I'd like the data below restated word for word, with the pictures left out.

STORED DATA
■ ■ ■ ■ ■

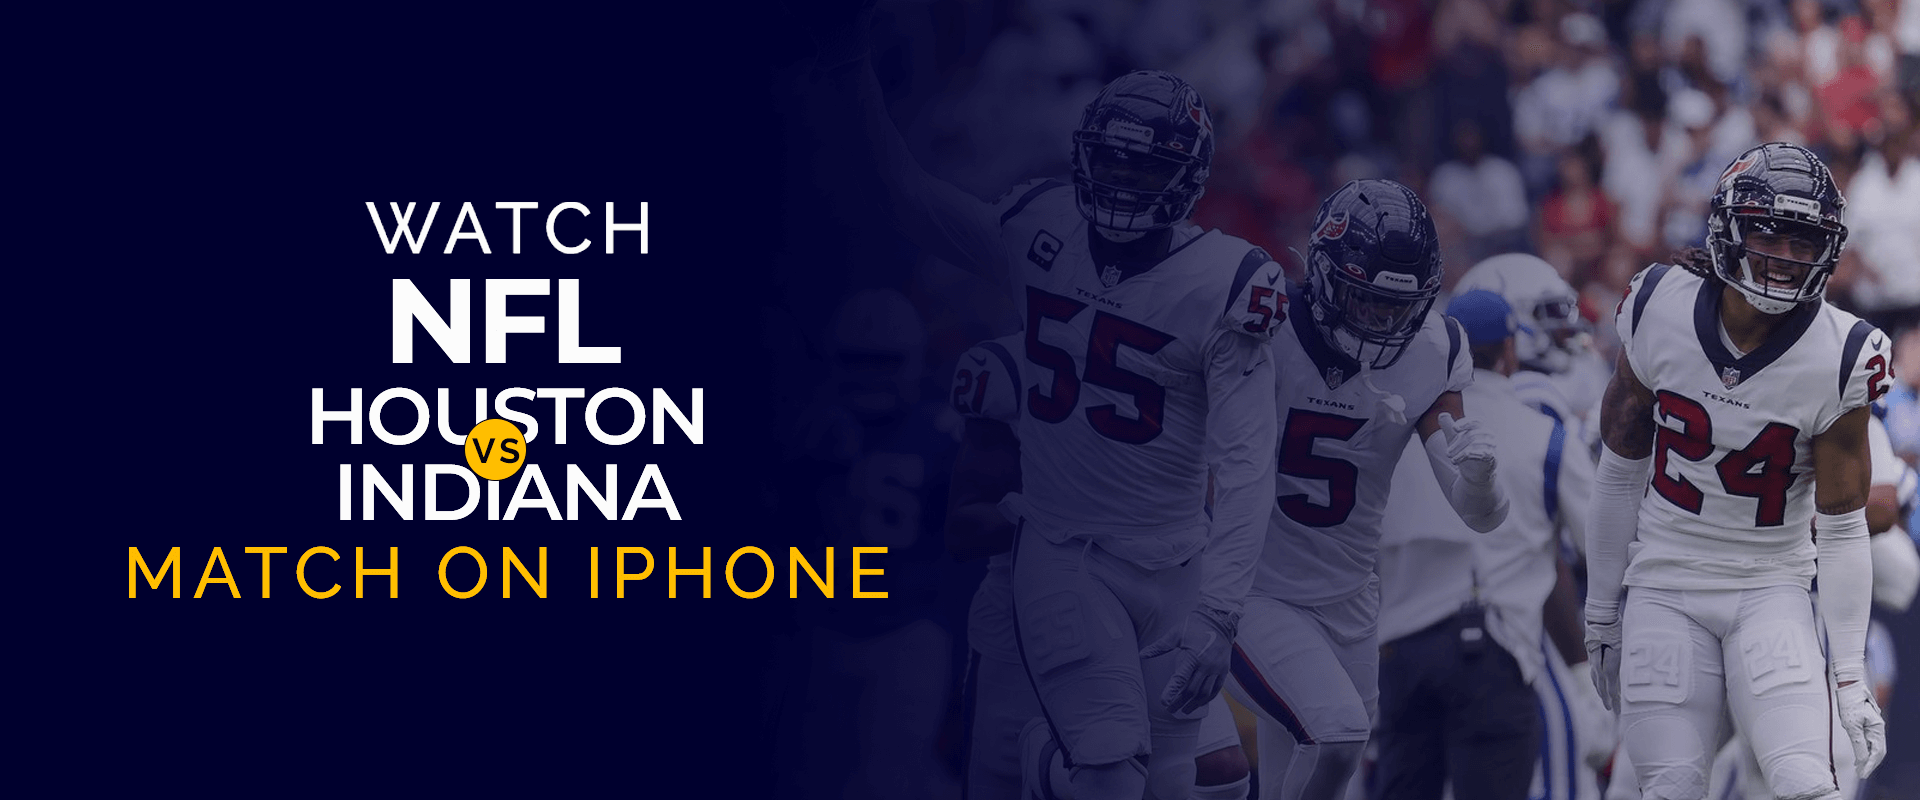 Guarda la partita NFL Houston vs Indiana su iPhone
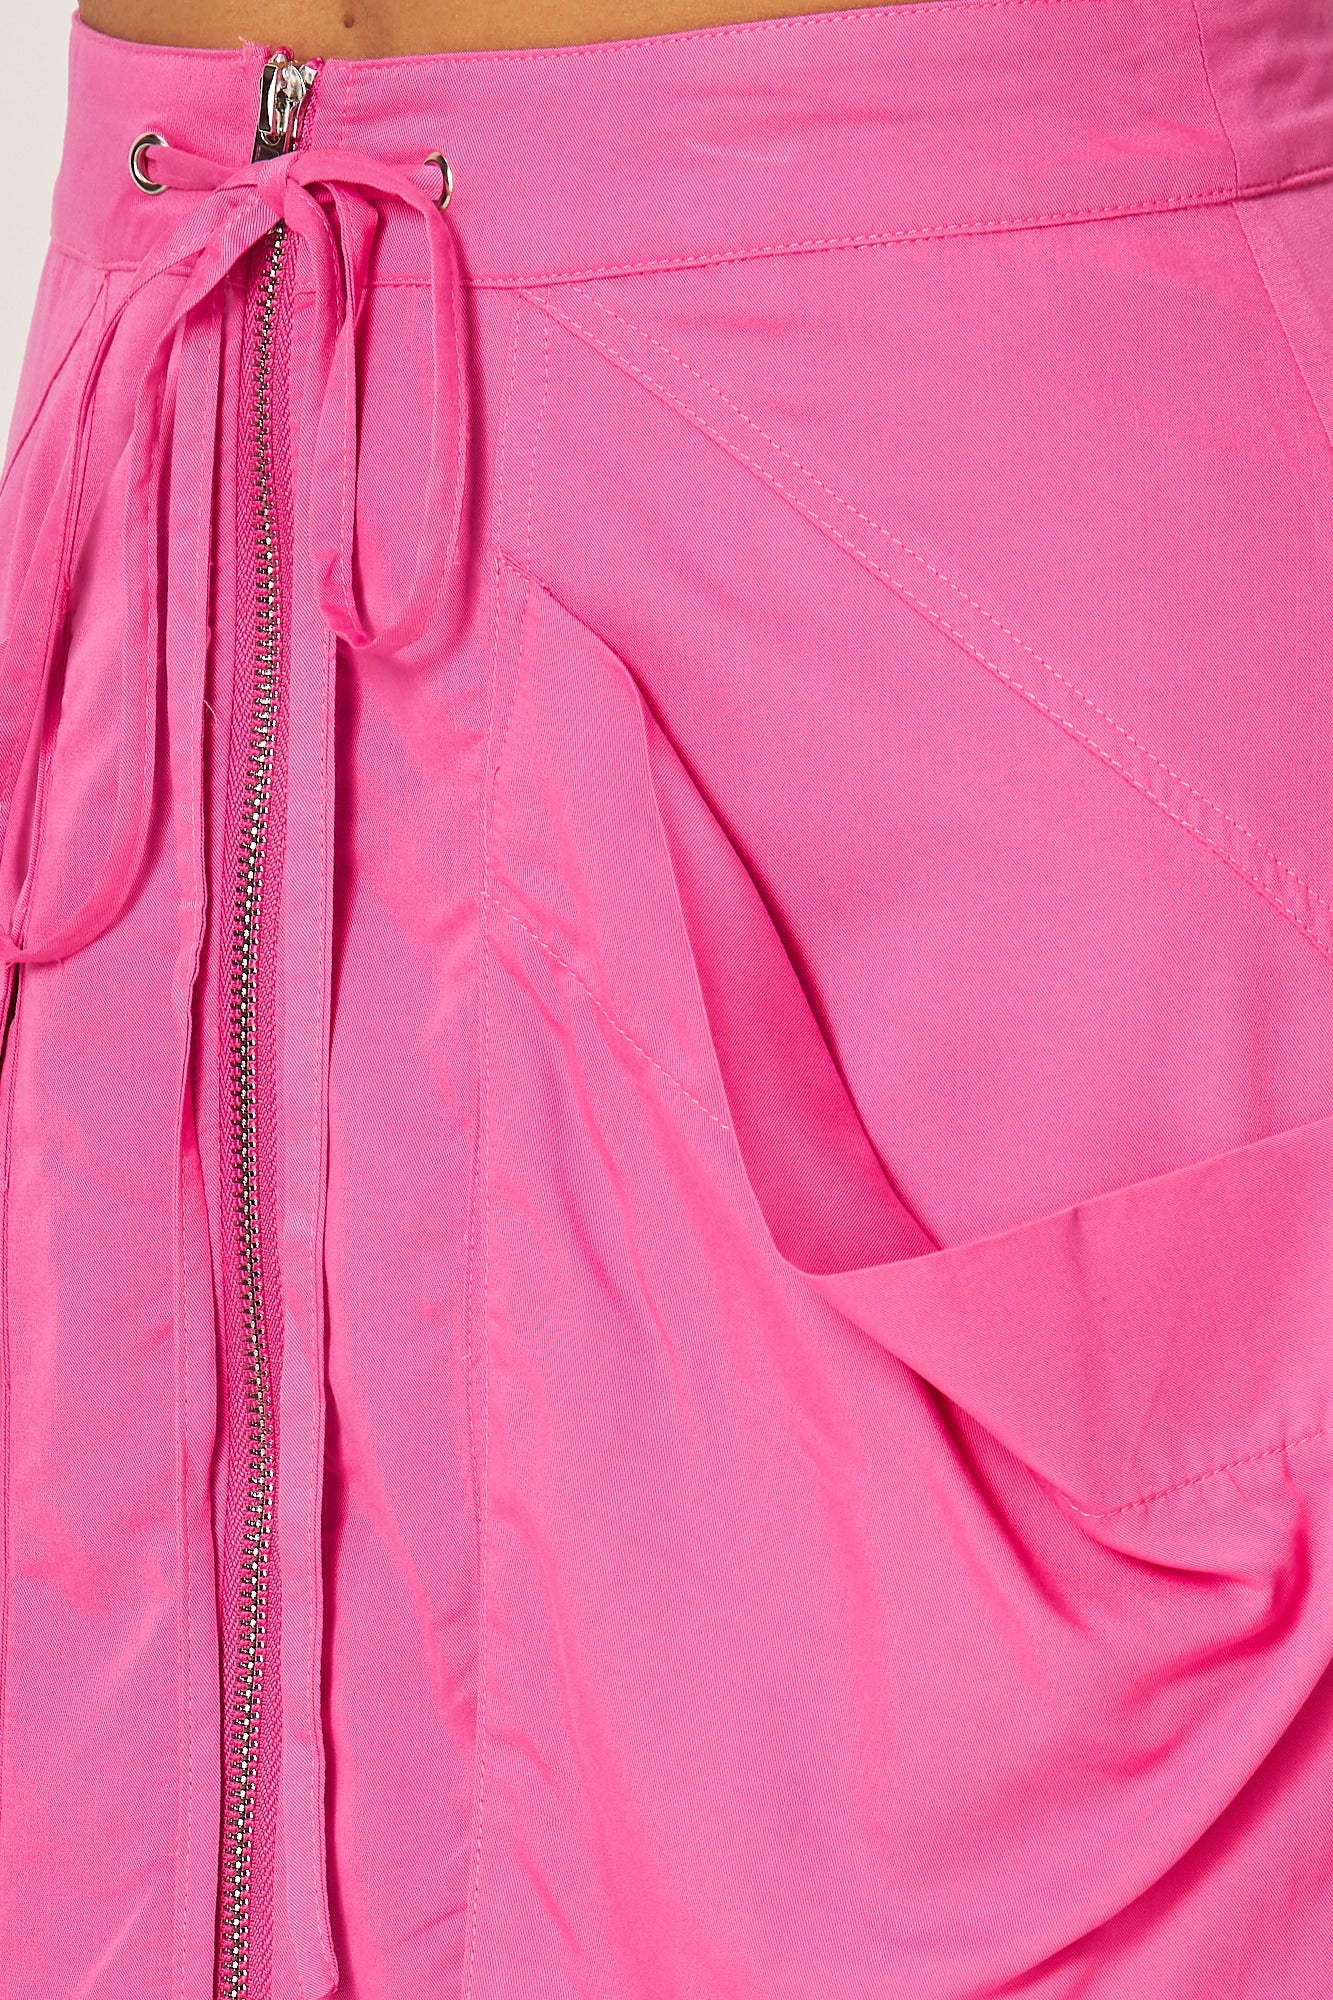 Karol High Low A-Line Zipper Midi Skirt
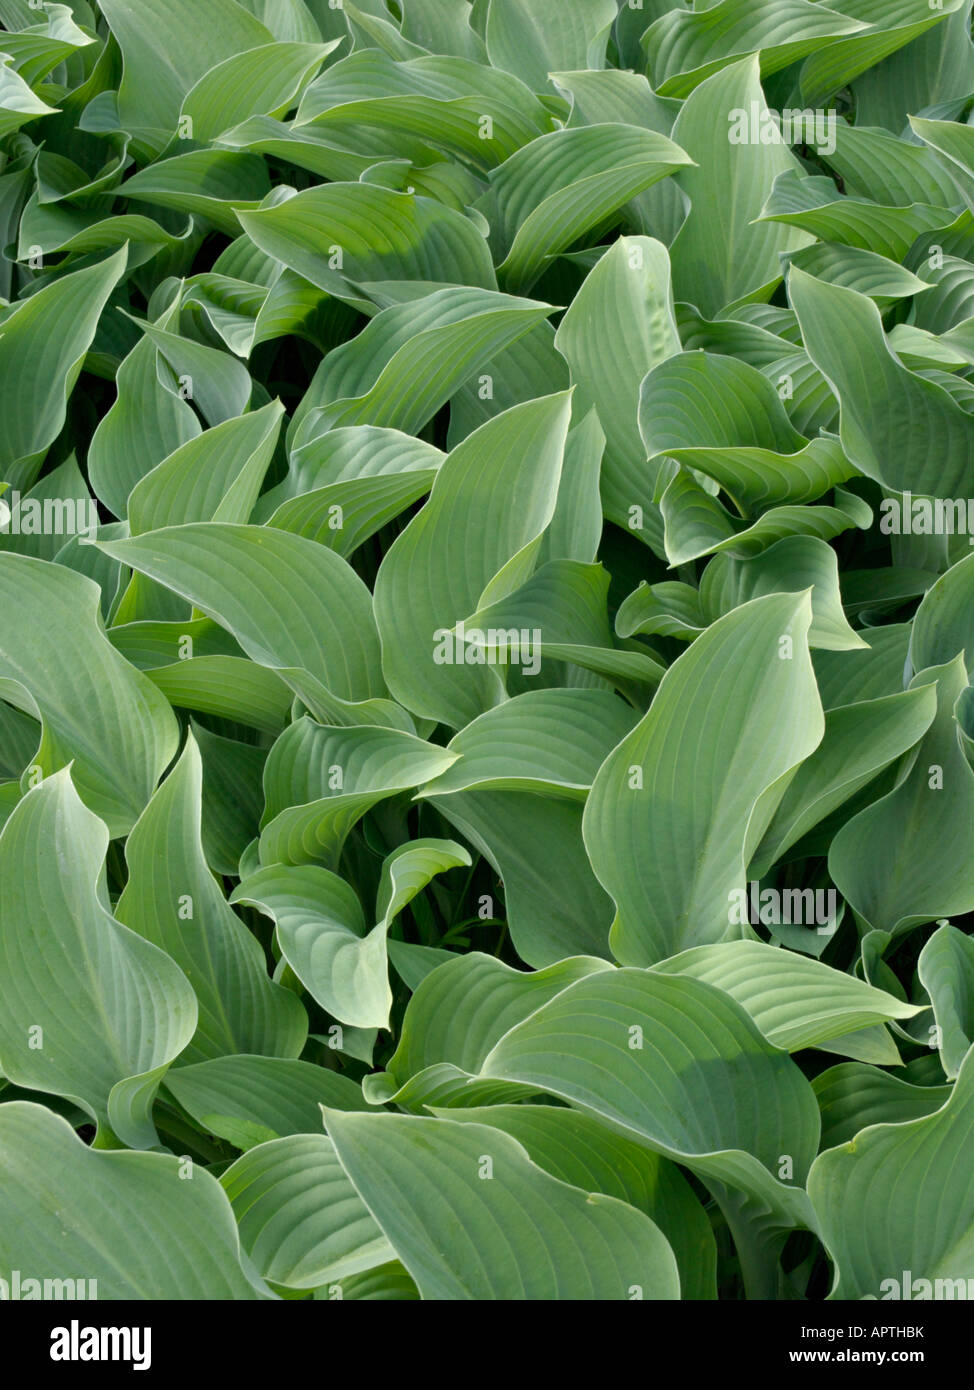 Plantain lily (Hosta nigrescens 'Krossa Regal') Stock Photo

■ ■ ■ ■ ■

RESPONSE TO THE TASK
 Guarda la partita NFL Houston vs Indiana su iPhone
 Karol High Low A-Line Zipper Midi Skirt
 Plantain lily (Hosta nigrescens 'Krossa Regal') Stock Photo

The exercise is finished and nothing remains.